Tenho que falar no ‘Só as mães são felizes’ escrito por Lucinha Araújo. Eu sei que isso faz tempo, mas sinto que muitas vezes nunca existe essa percepção cronológica quando o assunto é Cazuza. Revivi seus poemas musicados, os secretamente feitos como na despedida da avó, a descoberta da doença, a compulsão que não se calou frente ao HIV. Nem gosto de pôr a sigla em maiúsculas, como fiz aí na outra frase, mas fazer o quê? Diante do imponderável acabamos sendo bonecos, joguetes, mesmo que tentemos constantemente controlar a vida, os batimentos cardíacos. Maktub acaba sendo o que dita nossos próximos passos, as pegadas que deixaremos impressas na areia da existência.
E novamente a morte de Cássia foi lembrada. Falei da minha vibração com a Malandragem descrita e sonorizada por Frejat e Cazuza. Contei a estória dessa música. Foi feita e dada a Ângela Ro Ro que acabou deixando-a engavetada em alguma urna velha. Frejat, lembrando-se que nunca havia sido gravada, pediu a Ângela se podia dar a música para outra cantora gravar. Ro Ro sacudiu os ombros e liberou. De repente a música estourou, chegou sacudindo as ondas do rádio, mexendo com nossa essência, com o nosso pileque transgressor cotidiano, e virou sucesso absoluto na voz dela, de Cássia. Frejat voltou a se encontrar com Ângela que acabou fazendo um comentário melodramático por ele ter consentido que outra gravasse a música dada a ela em primeira mão. Uma bobagem afinal. Como disse Frejat numa entrevista, parecia que a música sempre esteve esperando por Cássia. Era ela quem devia gravar o som, pôr aquele vozeirão, aquele sorriso sacana, dar força e vida ao poema. Ela era malandragem.

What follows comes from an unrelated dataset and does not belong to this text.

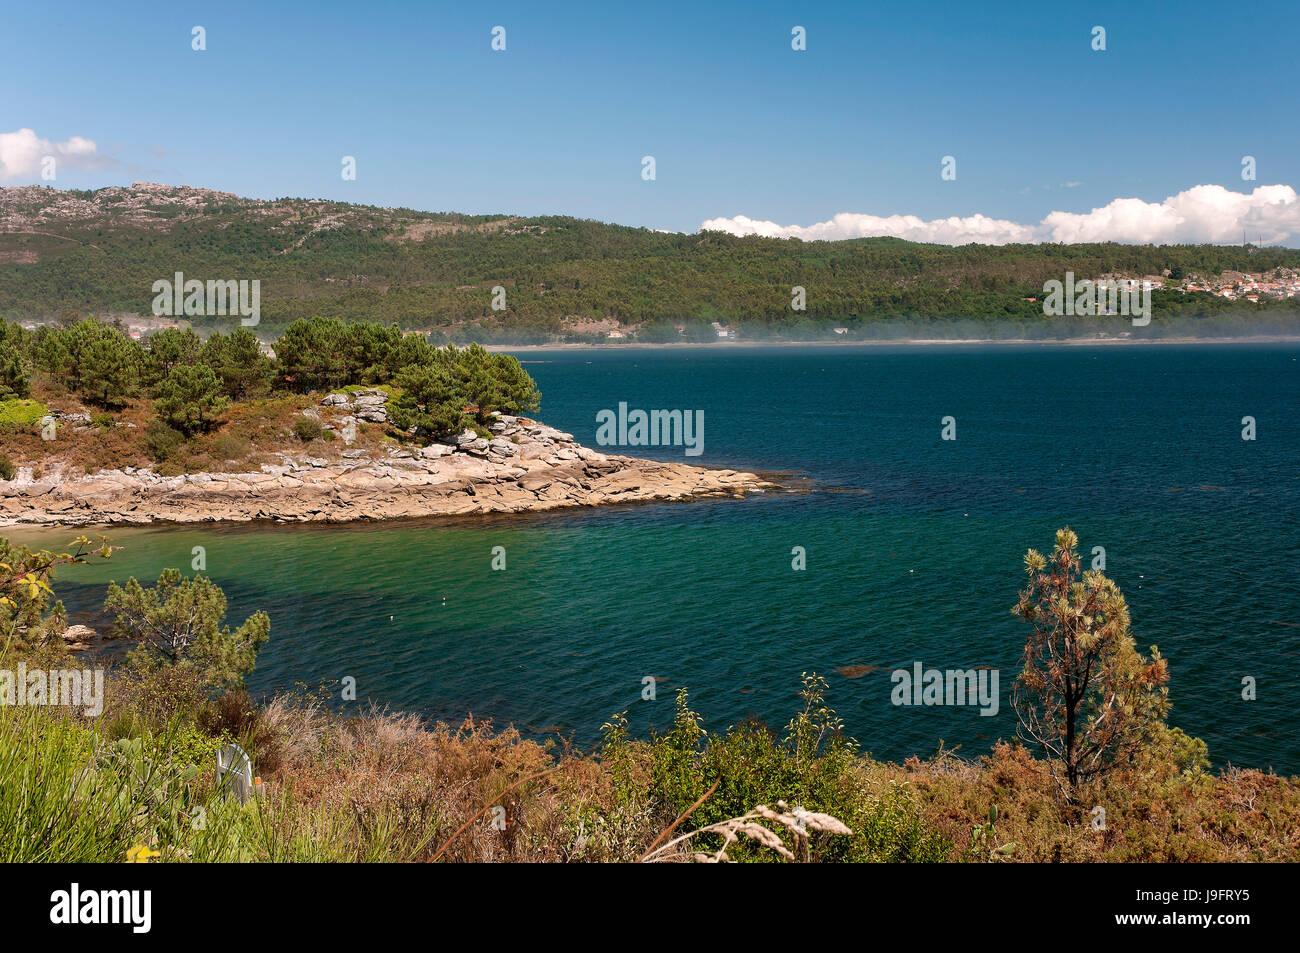 Coastal view, Muros, La Coruna province, Region of Galicia, Spain, Europe - Stock Image

Gosto desses que têm esse brilho nos olhos. Que nos deixam sempre uma reticência a ser descoberta. Aquilo que nunca se vê de imediato. É a clara sensação de que há muito mais a ser descoberto, aos poucos, sem agressão. É como uma foto em preto e branco, propositadamente em sombras, às vezes penumbra, onde a silhueta descreve a trajetória sem mostrar nada, ou quase nada. Os poros, os pelos, as ondas, a textura, essa fica para depois, no clarão do dia ou impresso pelo holofote lunar.

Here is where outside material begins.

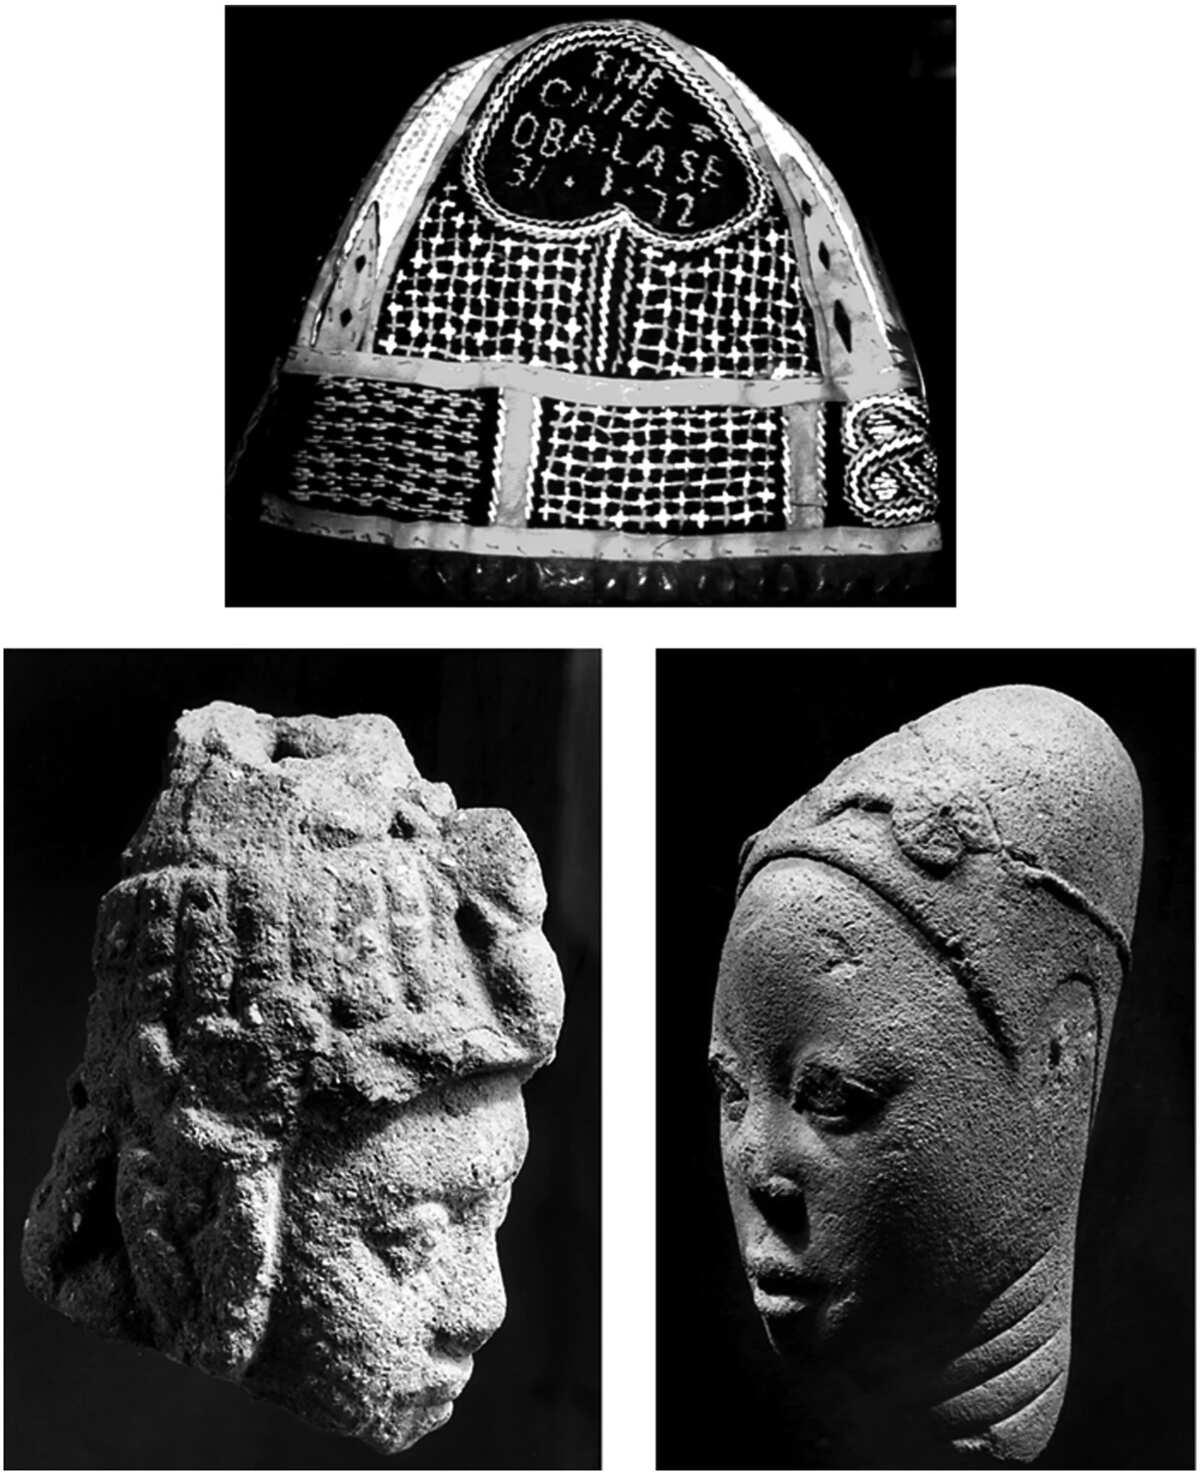 Ogboni fraternity cult: rituals, symbols, hand sign, human sacrifice

E certamente acabo sendo atraída por esses de vida singular e que fogem da normose coletiva. Aquele estado que acaba levando a todos a famigerada ‘zona de conforto’. Que de tão previsível acaba ficando bolorada, cheia de fungos e coisas velhas do tempo. Vejo esses mestres da poesia moderna como os grandes desafiadores da dicotomia, como diz Baudrillard, aqueles que perderam a capacidade de crer e sonhar. Dos que se apegam ao que já está aí e nada tentam de novo. Acomodam-se em suas cadeiras giratórias e seguem, como robôs, a rotina que os espera às sete da manhã seguinte.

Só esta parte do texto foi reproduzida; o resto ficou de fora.